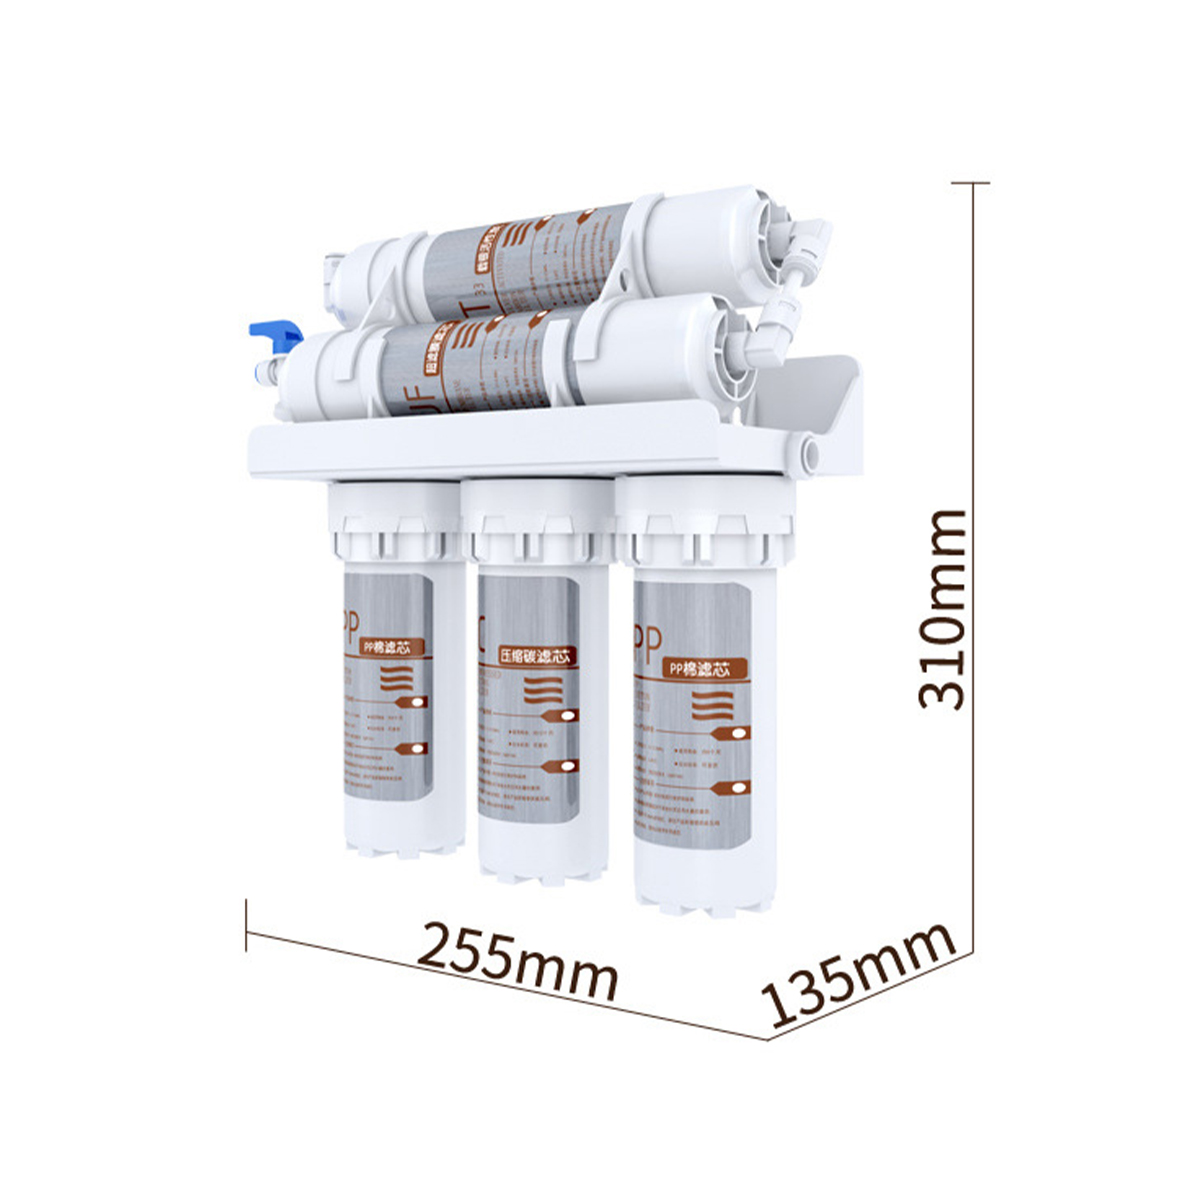 3+2 5 Drinking Water Filter Ultrafiltration System Home Kitchen Purifier Water Filters Faucet Tap Household Filtration Kit
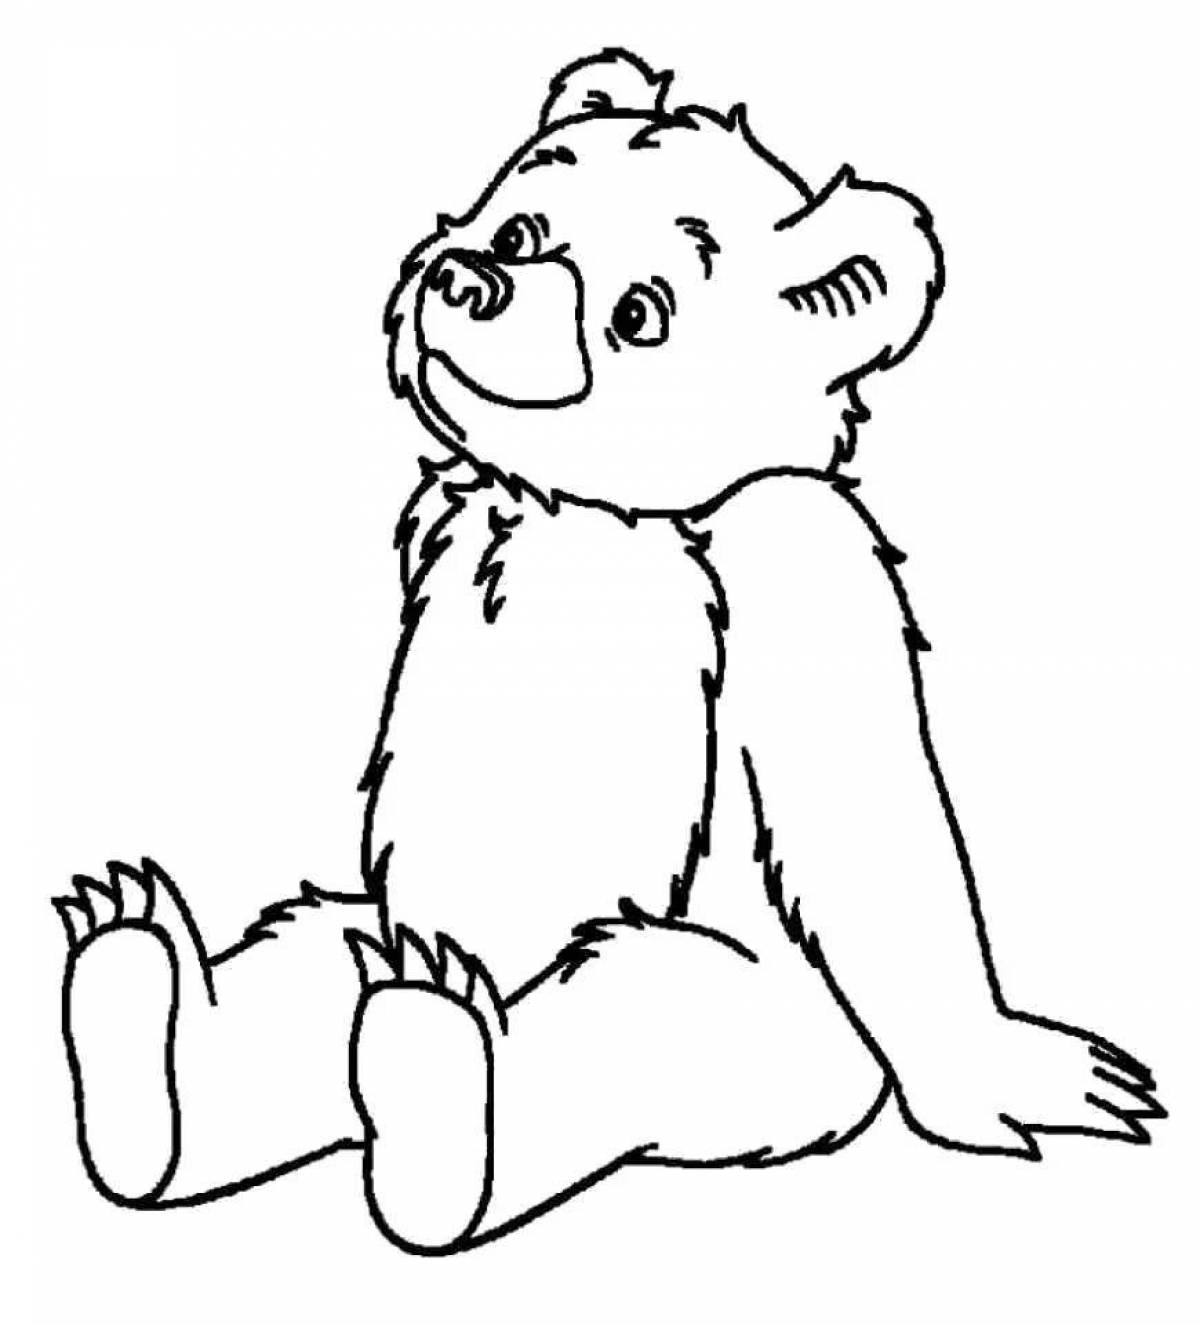 Coloring page mischievous bear and cub
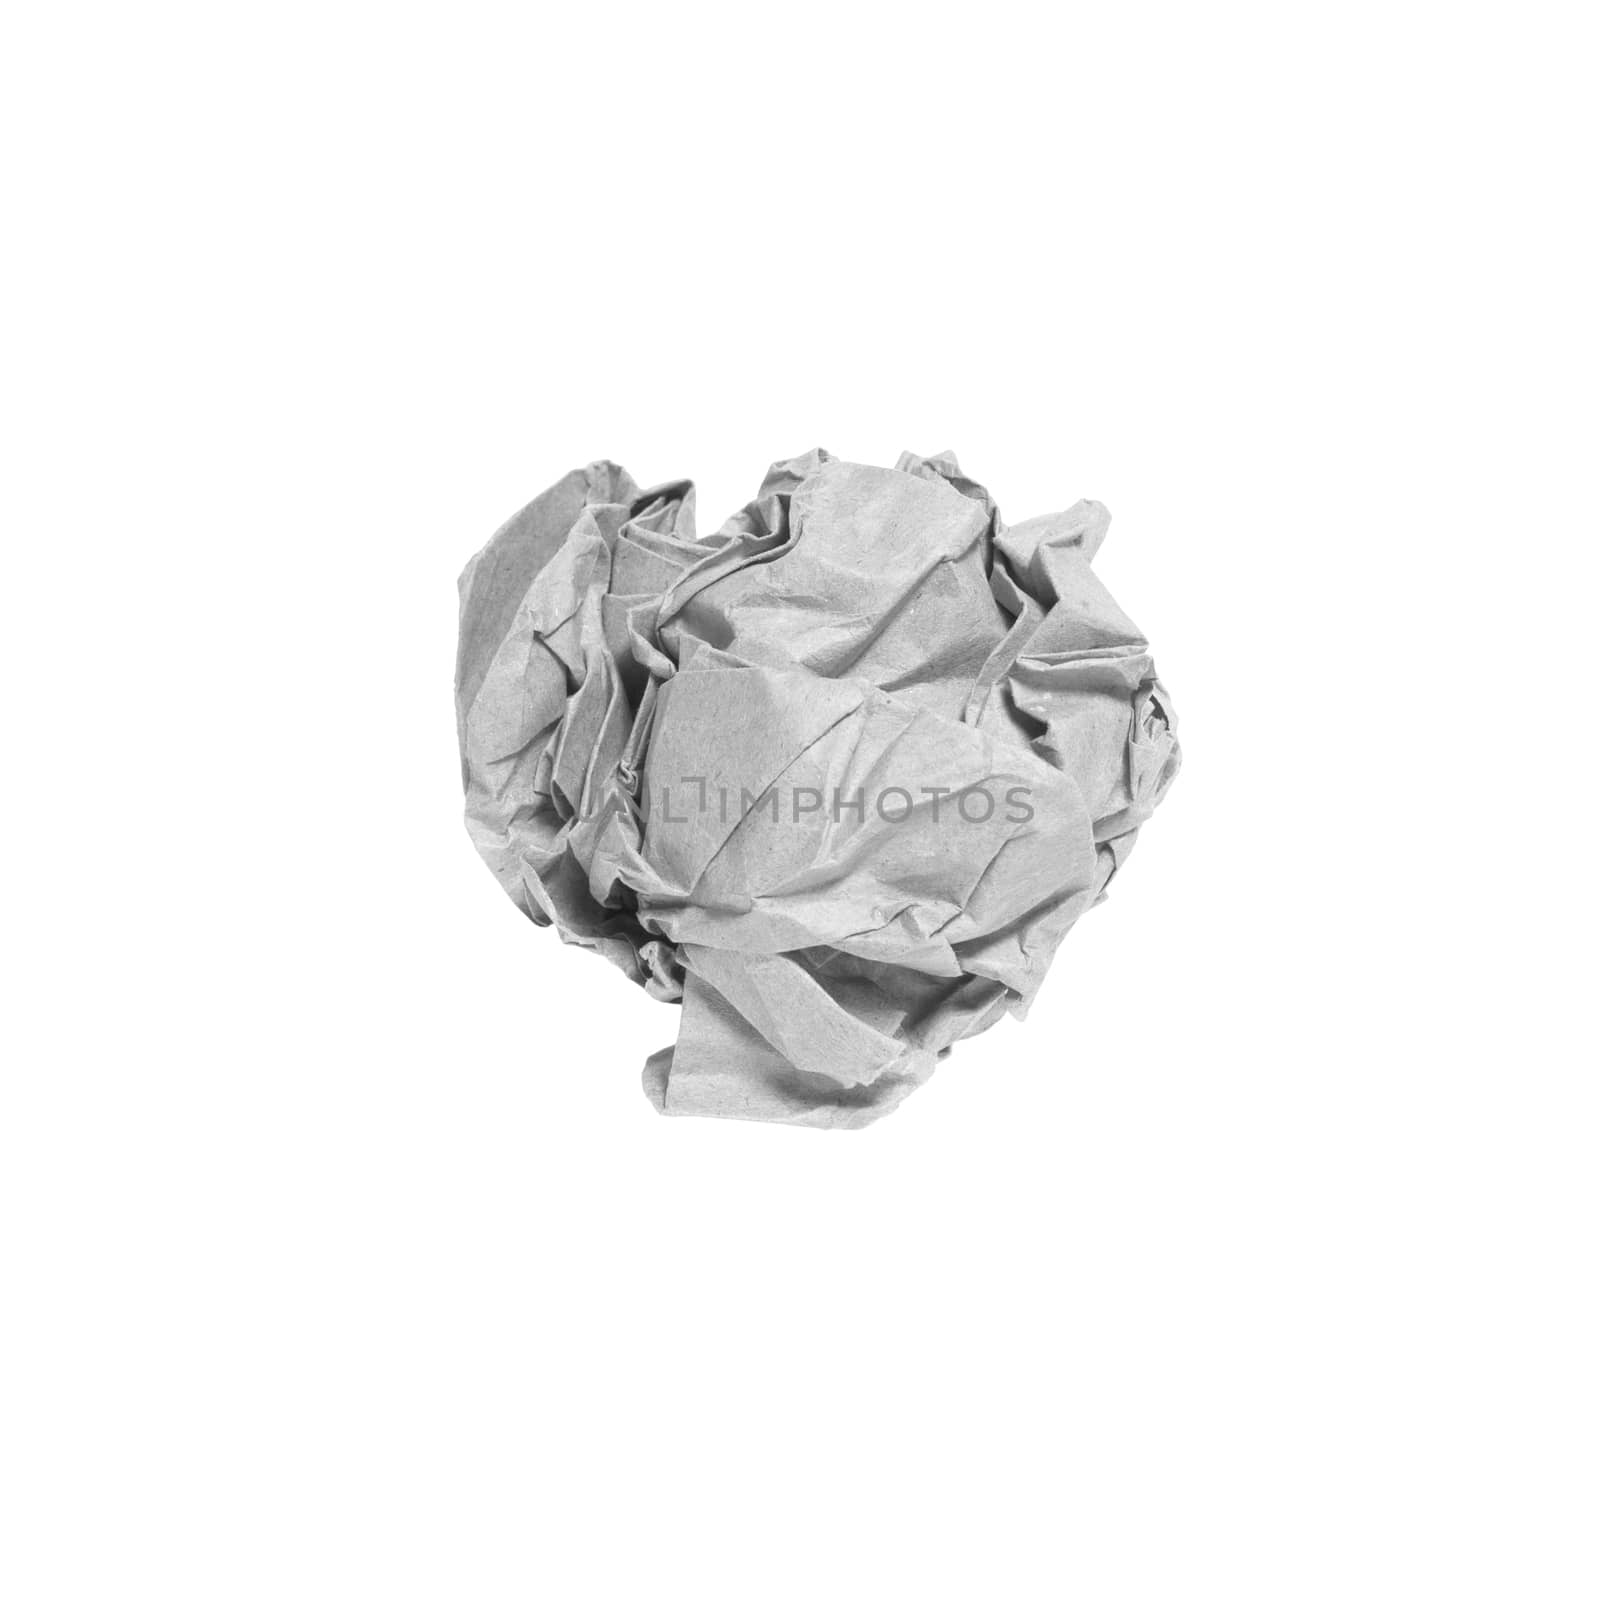 Crumpled gray paper ball isolated over white background by SlayCer
▬▬▬
## Exercise prompt
Would you write out all of the data exactly as it stands, without the pictures?

## Result
 3+2 5 Drinking Water Filter Ultrafiltration System Home Kitchen Purifier Water Filters Faucet Tap Household Filtration Kit
 Coloring page mischievous bear and cub
 Crumpled gray paper ball isolated over white background by SlayCer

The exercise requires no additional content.